The Deppe case joins others also filed in the Southern District of Indiana on similar claims. In 2012 a former college quarterback filed suit on behalf of a putative class against the NCAA, alleging that the NCAA’s former ban on multiyear scholarships and the cap on scholarships constituted a concerted effort to thwart competition. Rock v. NCAA, case no 1:12-cv-01019 (S.D. Ind.). The court denied the NCAA’s motion to dismiss the second amended complaint in Rock in 2013. In 2015, plaintiff Rock filed a third amended complaint. Briefing on the class certification is complete, but no decision on class has been issued. The jury trial date is set for February 2017. This past November, another former football player sued the NCAA over the scholarship caps, the former scholarship limits, and the one-year residence requirement. Pugh v. NCAA, case no. 1:15-cv-01747 (S.D. Ind.). However, since Pugh is no longer eligible, there may be flaws in his ability to be a class representative. Also, in January, the NCAA filed a motion in Pugh for dismissal of the one-year residence claims. (The NCAA acknowledged that in Rock, the court already decided that the scholarship caps and limits claims were sufficiently pled.) One could surmise that Peter Deppe is being sent on the playing field to ensure that the proposed class (and their counsel) have all their necessary bases touched.

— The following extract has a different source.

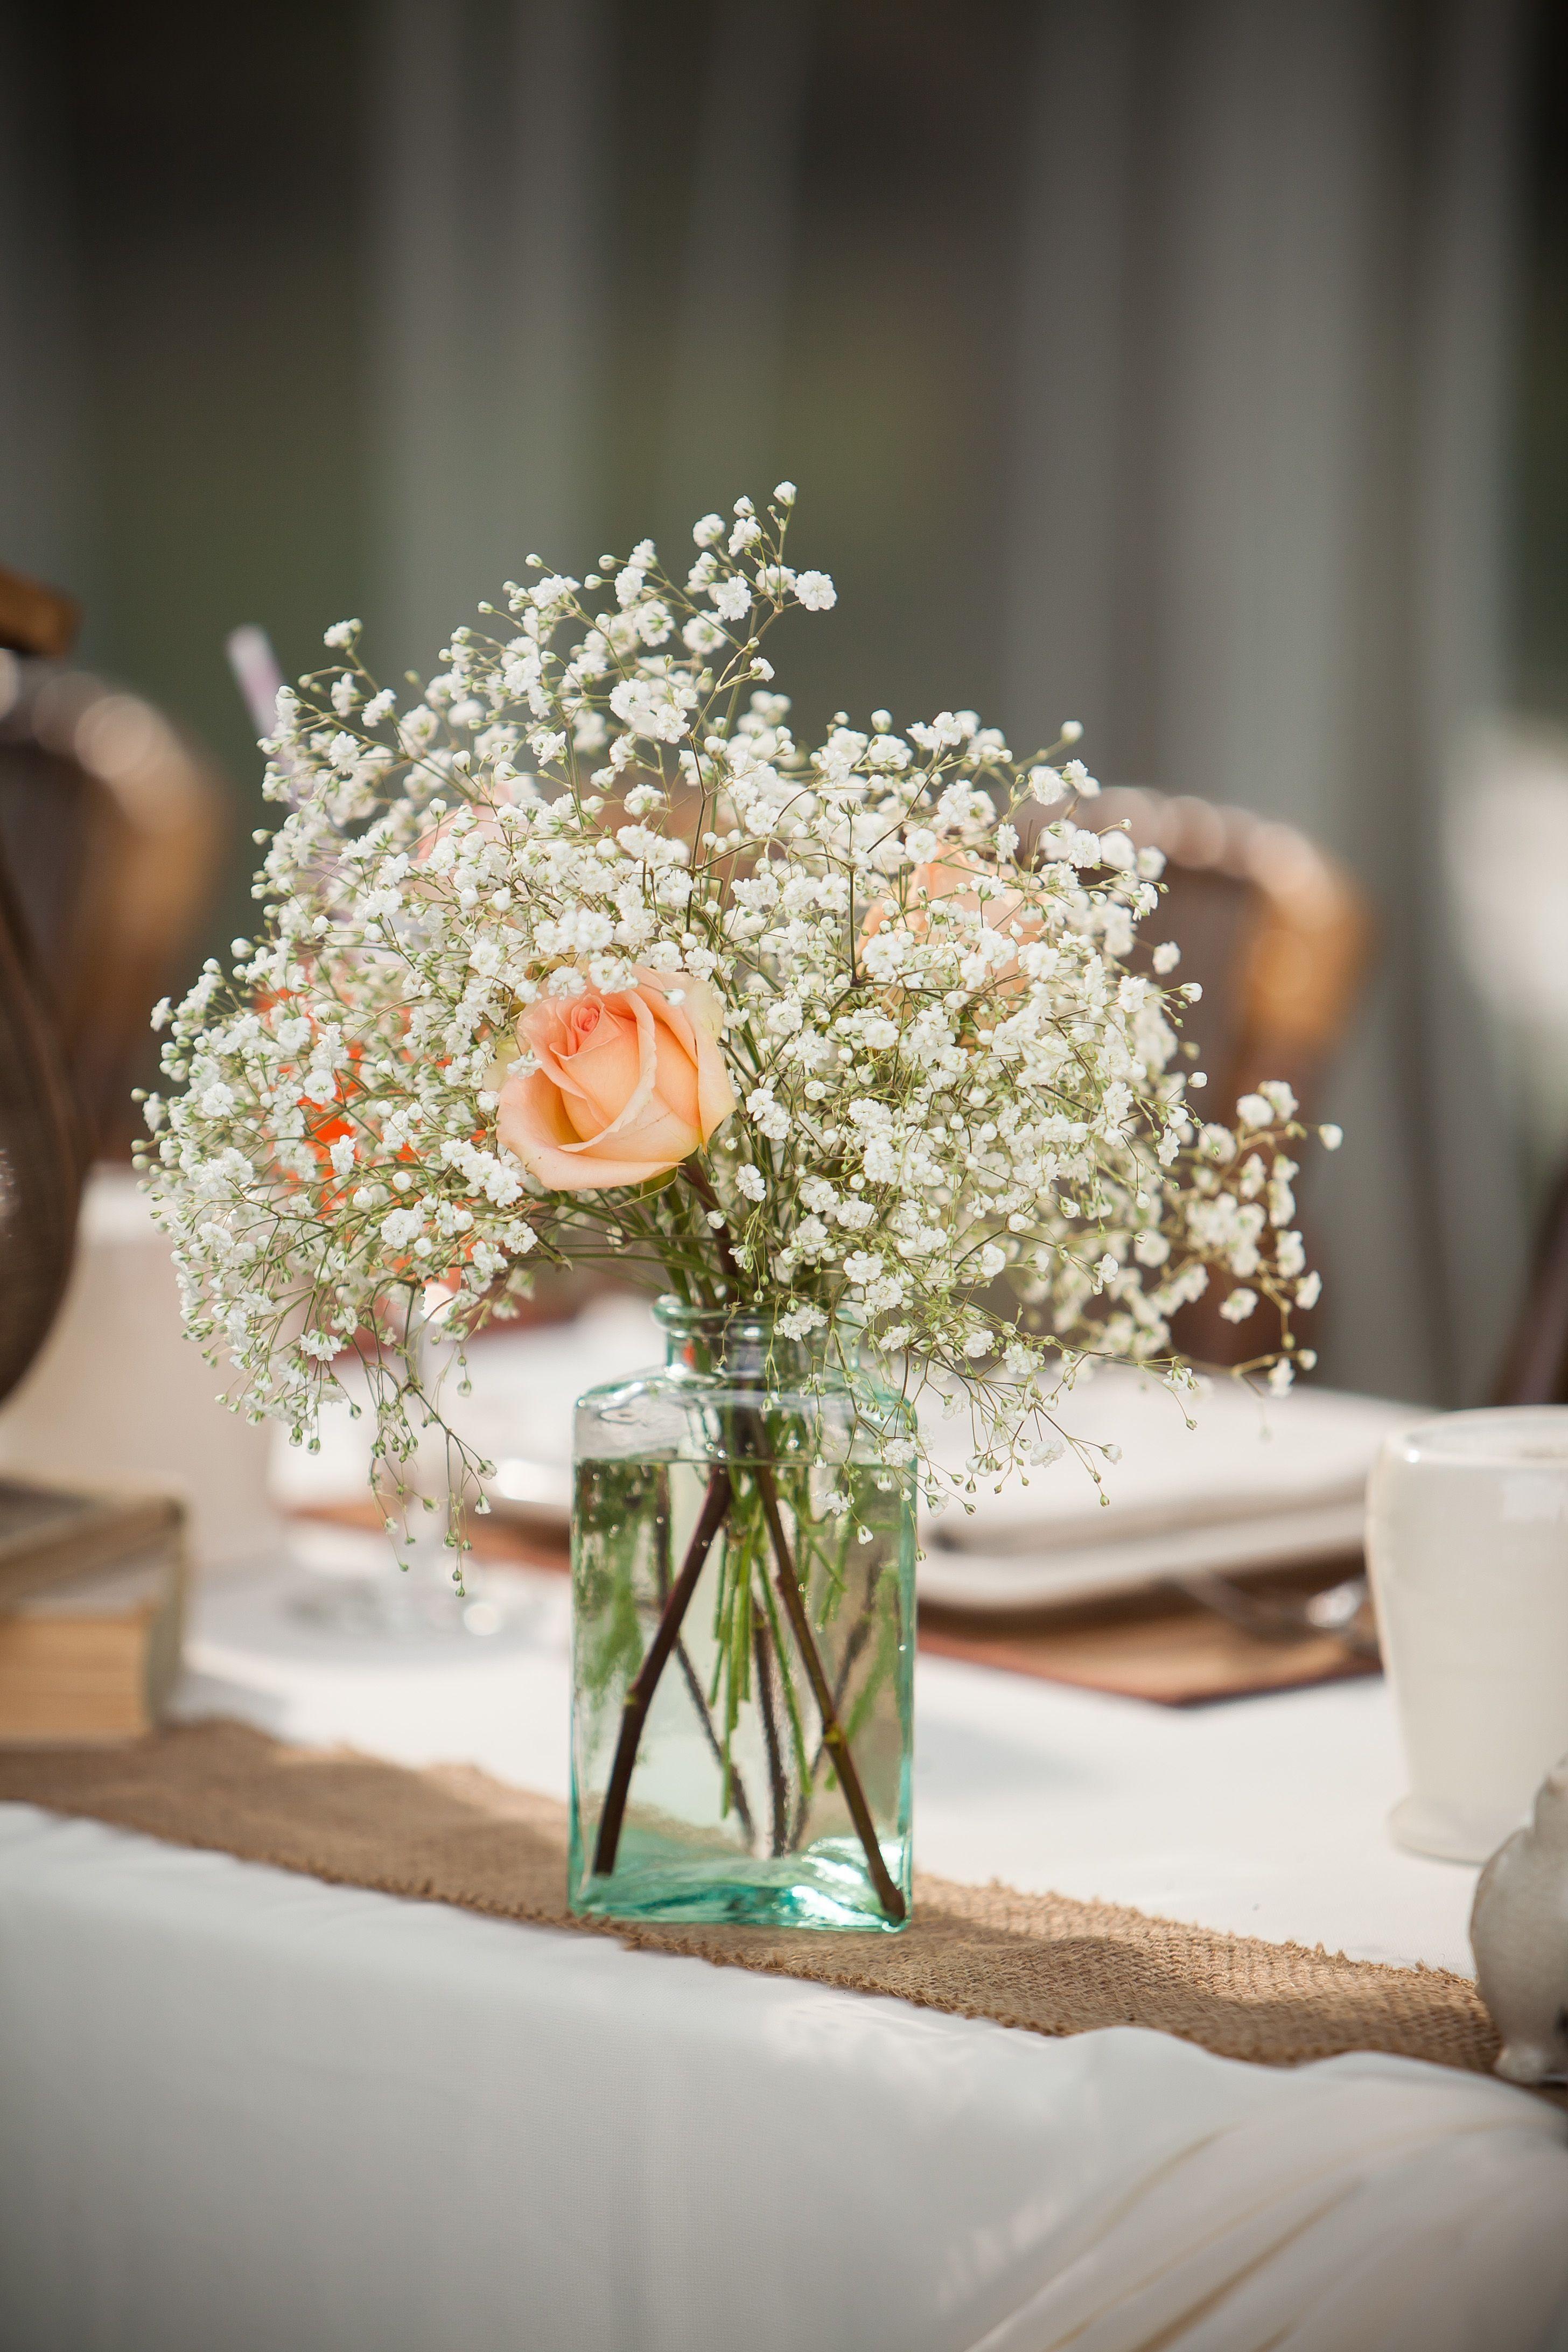 Peach Rose And Baby S Breath Centerpiece Wedding Reception Flower Arrangements Flower Centerpieces Wedding Table Flower Arrangements

It has now been over 30 years since the Supreme Court, in NCAA v. Board of Regents of the Univ. of Okla., 468.U.S. 85 (1984), began to subject various aspects of the college athletic regime to antitrust scrutiny when it struck down the NCAA’s restrictions on televised college football as an unreasonable output-reducing restraint. In recent years, the trickle of such litigation has grown to a cascade as the money and stakes surrounding the major college sports have grown. These new cases challenging the NCAA’s scholarship caps and one-year residence requirements are ones to watch.